Il re [dei Caldèi] deportò a Babilonia gli scampati alla spada, che divennero
schiavi suoi e dei suoi figli fino all’avvento del regno persiano, attuandosi
così la parola del Signore per bocca di Geremìa: «Finché la terra non abbia
scontato i suoi sabati, essa riposerà per tutto il tempo della desolazione fino
al compiersi di settanta anni». Nell’anno primo di Ciro, re di Persia, perché
si adempisse la parola del Signore pronunciata per bocca di Geremìa, il Signore
suscitò lo spirito di Ciro, re di Persia, che fece proclamare per tutto il suo
regno, anche per iscritto: «Così dice Ciro, re di Persia: “Il Signore, Dio del
cielo, mi ha concesso tutti i regni della terra. Egli mi ha incaricato di
costruirgli un tempio a Gerusalemme, che è in Giuda. Chiunque di voi appartiene
al suo popolo, il Signore, suo Dio, sia con lui e salga!”».

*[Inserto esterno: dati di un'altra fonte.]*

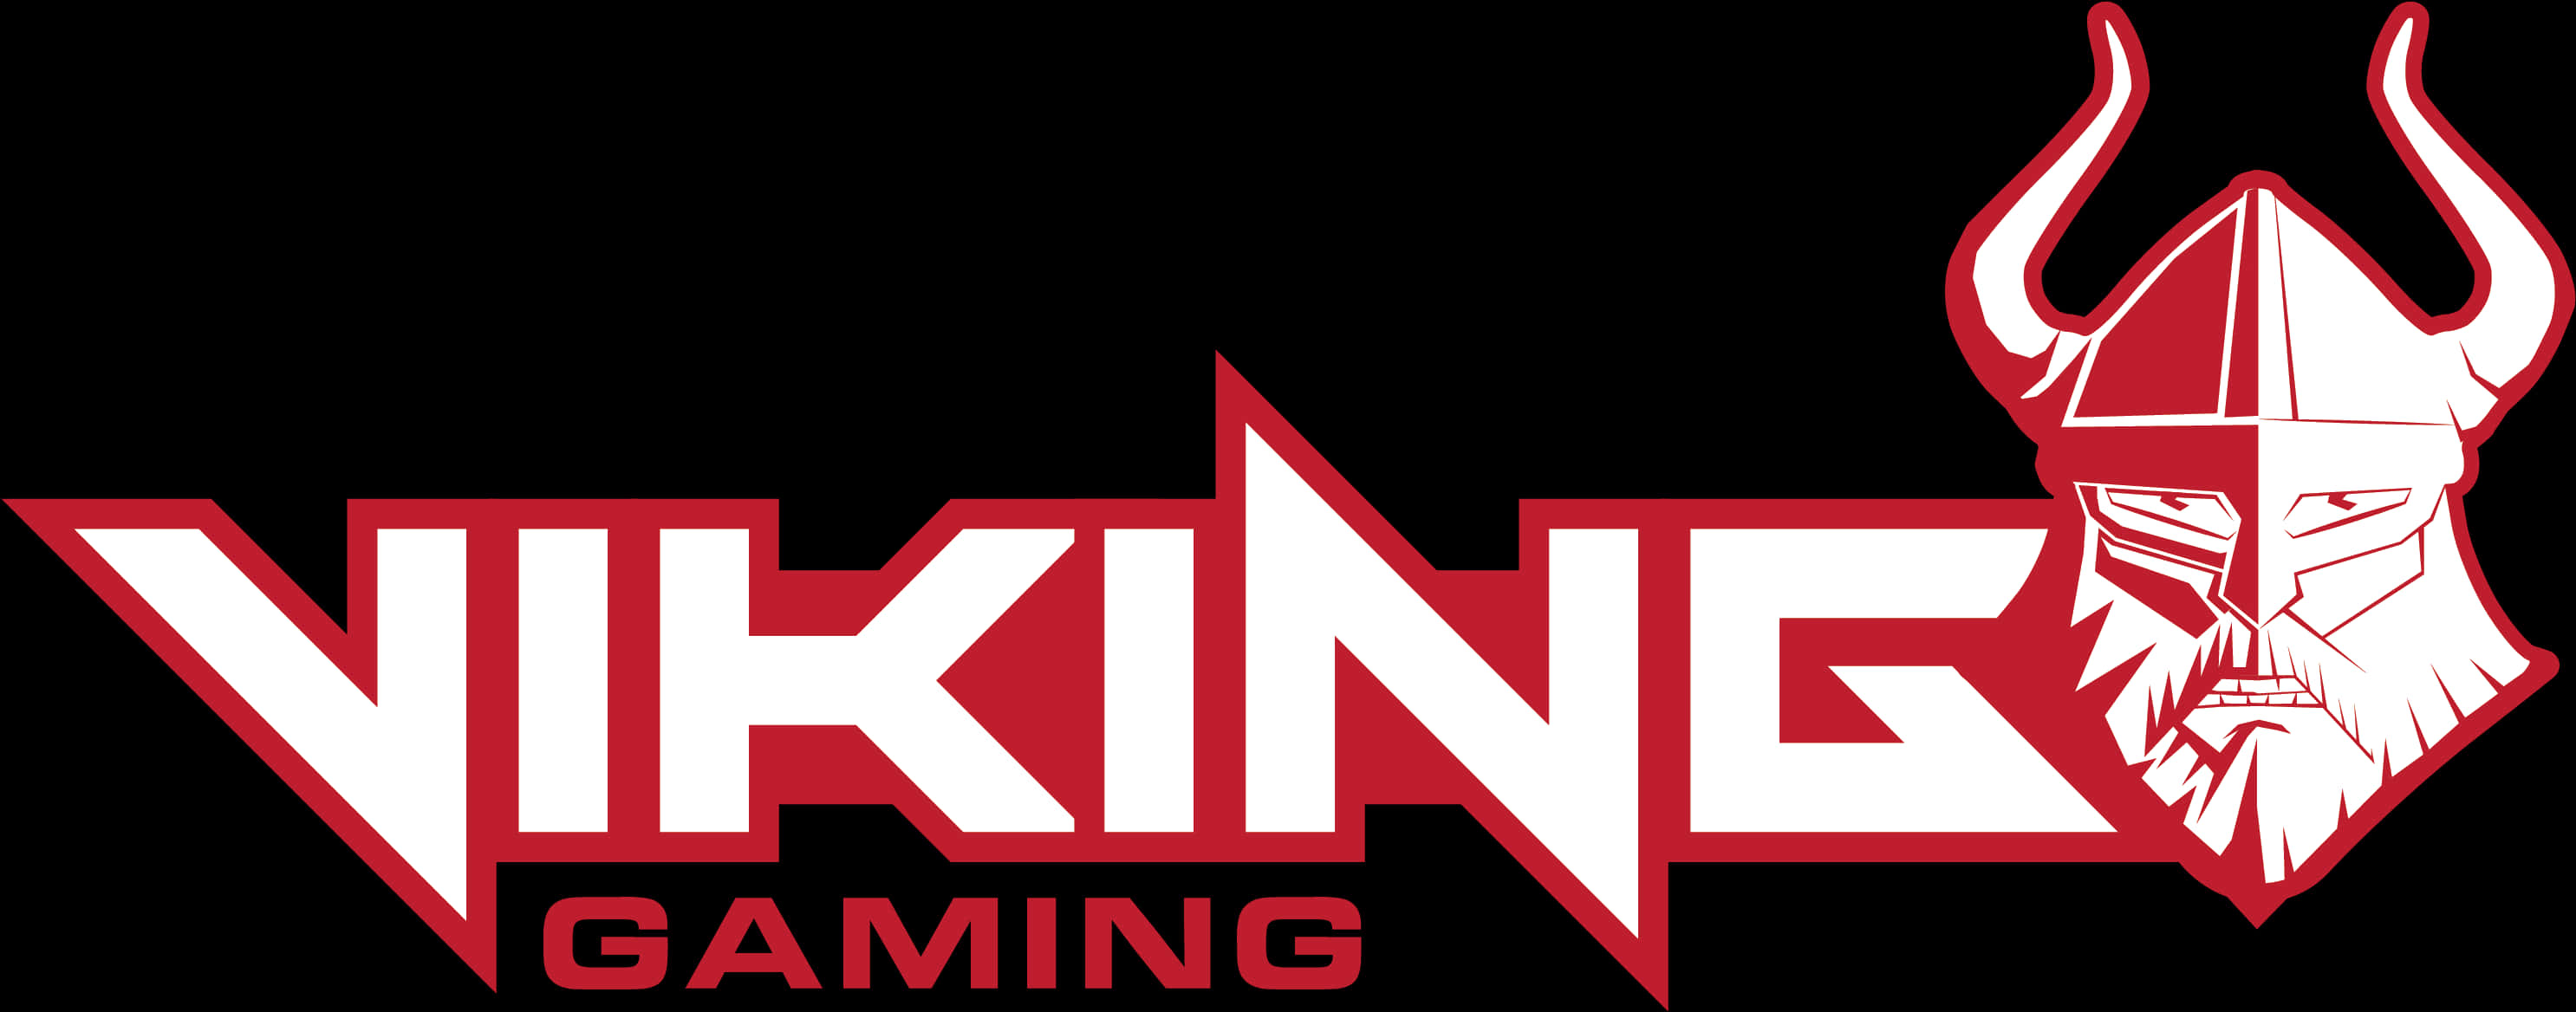 Viking_ Gaming_ Logo PNG image

Dalla lettera di san Paolo apostolo agli
Efesìni (Ef 2,4-10)
Fratelli,
Dio, ricco di misericordia, per il grande amore con il quale ci ha amato, da
morti che eravamo per le colpe, ci ha fatto rivivere con Cristo: per grazia
siete salvati. Con lui ci ha anche risuscitato e ci ha fatto sedere nei cieli,
in Cristo Gesù, per mostrare nei secoli futuri la straordinaria ricchezza della
sua grazia mediante la sua bontà verso di noi in Cristo Gesù. Per grazia
infatti siete salvati mediante la fede; e ciò non viene da voi, ma è dono di
Dio; né viene dalle opere, perché nessuno possa vantarsene. Siamo infatti opera
sua, creati in Cristo Gesù per le opere buone, che Dio ha preparato perché in
esse camminassimo.
Dal Vangelo secondo Giovanni (Gv 3,14-21)
In
quel tempo, Gesù disse a Nicodèmo: «Come Mosè innalzò il serpente nel deserto,
così bisogna che sia innalzato il Figlio dell’uomo, perché chiunque crede in
lui abbia la vita eterna. Dio infatti ha tanto amato il mondo da dare il Figlio
unigenito perché chiunque crede in lui non vada perduto, ma abbia la vita
eterna. Dio, infatti, non ha mandato il Figlio nel mondo per condannare il
mondo, ma perché il mondo sia salvato per mezzo di lui. Chi crede in lui non è
condannato; ma chi non crede è già stato condannato, perché non ha creduto nel
nome dell’unigenito Figlio di Dio. E il giudizio è questo: la luce è venuta nel
mondo, ma gli uomini hanno amato più le tenebre che la luce, perché le loro
opere erano malvagie. Chiunque infatti fa il male, odia la luce, e non viene
alla luce perché le sue opere non vengano riprovate. Invece chi fa la verità
viene verso la luce, perché appaia chiaramente che le sue opere sono state
fatte in Dio».
Le letture che la Chiesa ci propone per
questa Quarta Domenica di Quaresima sono davvero impegnative, direi quasi
scomode…
Risulta faticoso infatti trovare tra
di esse un nesso e, anche scegliendo di concentrarsi solo sul vangelo, il
compito non pare semplificato.
Questo perché i versetti di
Giovanni, proposti dalla liturgia, sono solo una sezione del ben più lungo
discorso tra Gesù e Nicodemo, che inizia addirittura 10 versetti prima, e presi
così risultano un po’ estemporanei… inoltre il brano scelto consiste in una
sorta di approfondimento teologico su quanto precede: una specie di commento a
mo’ di monologo, in cui si concentra quasi una sintesi di tutto il messaggio di
Gesù nel Quarto Vangelo. Un monologo – non a caso – dal finale aperto (Nicodemo
non risponde nulla!)… Ma essendo un discorso che approfondisce quanto precede,
per comprenderlo è inevitabile fare un passo indietro e capire cosa lo precede?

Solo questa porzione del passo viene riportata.